Le morceau de code ci-dessous implémente cet algorithme.
def sum_kahan(list):
s = 0 # accumulateur pour la somme
c = 0 # compensation pour les bits de poids faible
for e in list:
y = e - c # l'élément à sommer corrigé par la compensation des bits de poids faible
t = s + y # on perd des bits de poids faible avec cette addition
c = (t - s) - y # cœur de l'algo : récupération des bits de poids faible (cas extrême : si y est entièrement absorbé, il est inclus dans c pour être ajouté à l'élément suivant de la liste)
s = t # on passe à l'étape suivante
print("s =", s, "| c =", c) # affichage pour la démonstration
return s
L’intérêt de cet algorithme est essentiellement de sommer de très longues listes sans perdre trop de précision, mais on peut le voir fonctionner sur un exemple. On y somme une liste contenant un nombre relativement grand et des miettes.
>>> eps = 10**-17
>>> l = [1, eps, eps, eps, eps, eps, eps, eps, eps, eps, eps, eps, eps, eps, eps, eps]
>>> sum_kahan(l)
1.0000000000000002
Le résultat 1.0000000000000002
est ce qu’on obtiendrait en arrondissant le résultat exact de la somme vers les flottants. On peut le comparer avec le résultat de l’algorithme naïf qui donne :
>>> sum(l)
1.0
Ici, la somme n’a pas ramassé les miettes et on a seulement le premier élément de la liste.

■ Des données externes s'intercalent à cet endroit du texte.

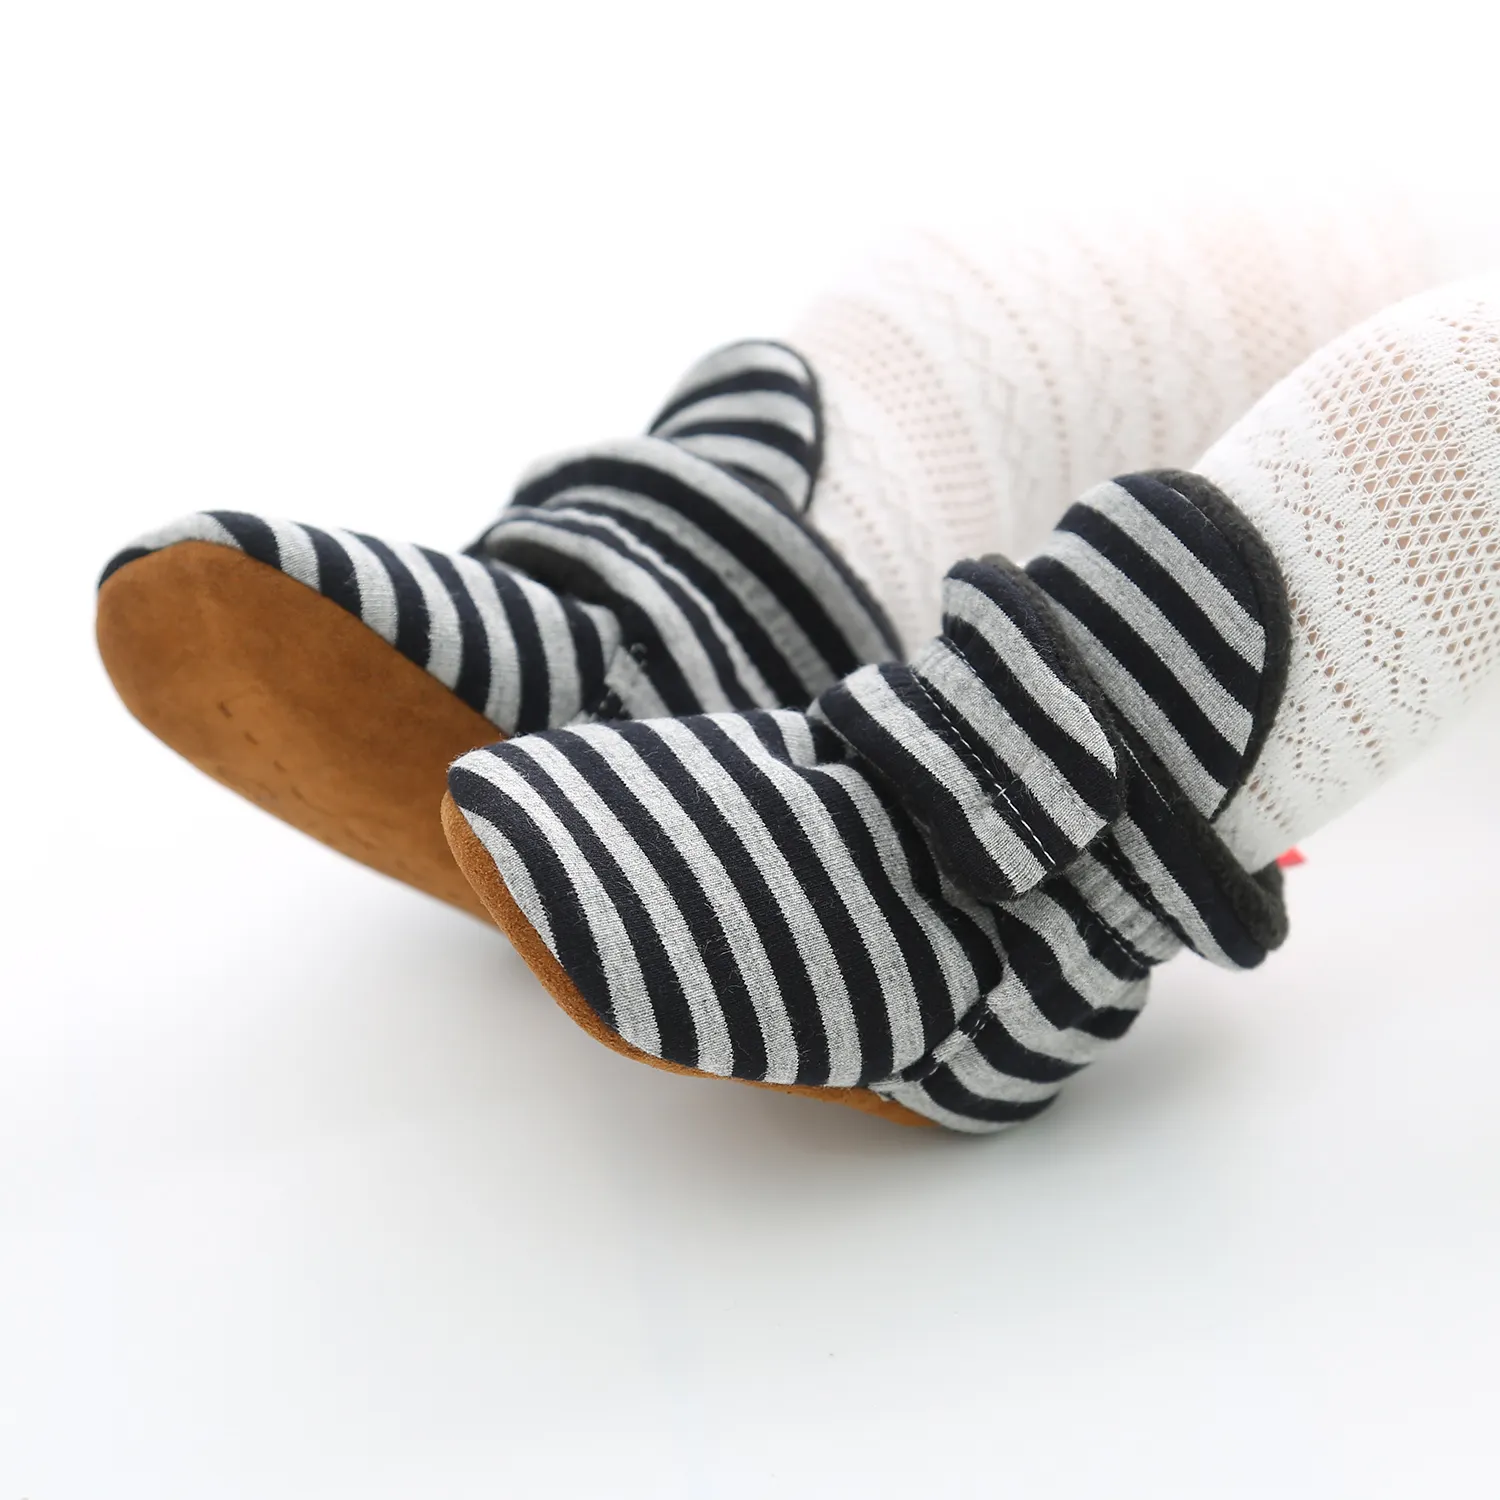 Newborn Baby Shoes Striped Knitted Fabric 0-1 years Old Infant Soft Sole Shoes winter Warm Boots for Toddler

En regardant l’affichage, on peut comprendre comment l’algorithme de Kahan opère pour arriver à faire mieux que l’algorithme naïf :
s = 1 | c = 0 # somme du premier élément, tout va bien
s = 1.0 | c = -1e-17 # l'élément est absorbé dans la somme, il est retenu dans la compensation
s = 1.0 | c = -2e-17 # idem
s = 1.0 | c = -3e-17 # idem
s = 1.0 | c = -4e-17 # idem
s = 1.0 | c = -5.0000000000000005e-17 # idem
s = 1.0 | c = -6e-17 # idem
s = 1.0 | c = -7e-17 # idem
s = 1.0 | c = -8e-17 # idem
s = 1.0 | c = -9.000000000000001e-17 # idem
s = 1.0 | c = -1.0000000000000001e-16 # idem
s = 1.0 | c = -1.1000000000000001e-16 # idem
s = 1.0000000000000002 | c = 1.020446049250313e-16 # une partie de la compensation a pu être sommée ! La compensation accumulée diminue légèrement.
s = 1.0000000000000002 | c = 9.20446049250313e-17 # idem
s = 1.0000000000000002 | c = 8.20446049250313e-17 # idem
s = 1.0000000000000002 | c = 7.20446049250313e-17 # idem
s = 1.0000000000000002 | c = 6.20446049250313e-17 # idem
s = 1.0000000000000002 | c = 5.2044604925031294e-17 # idem
s = 1.0000000000000002 | c = 4.204460492503129e-17 # idem
Une variante de cet algorithme, la sommation de Neumaier, est utilisée par le langage Python pour sa fonction sum()
depuis la version 3.12 ! Cela permet aux utilisateurs de bénéficier d’une meilleure précision sans expertise spécifique et l’impact en performance est minime. Pour une précision encore meilleure, la fonction math.fsum()
utilise un algorithme plus évolué encore, mais la performance en est affectée.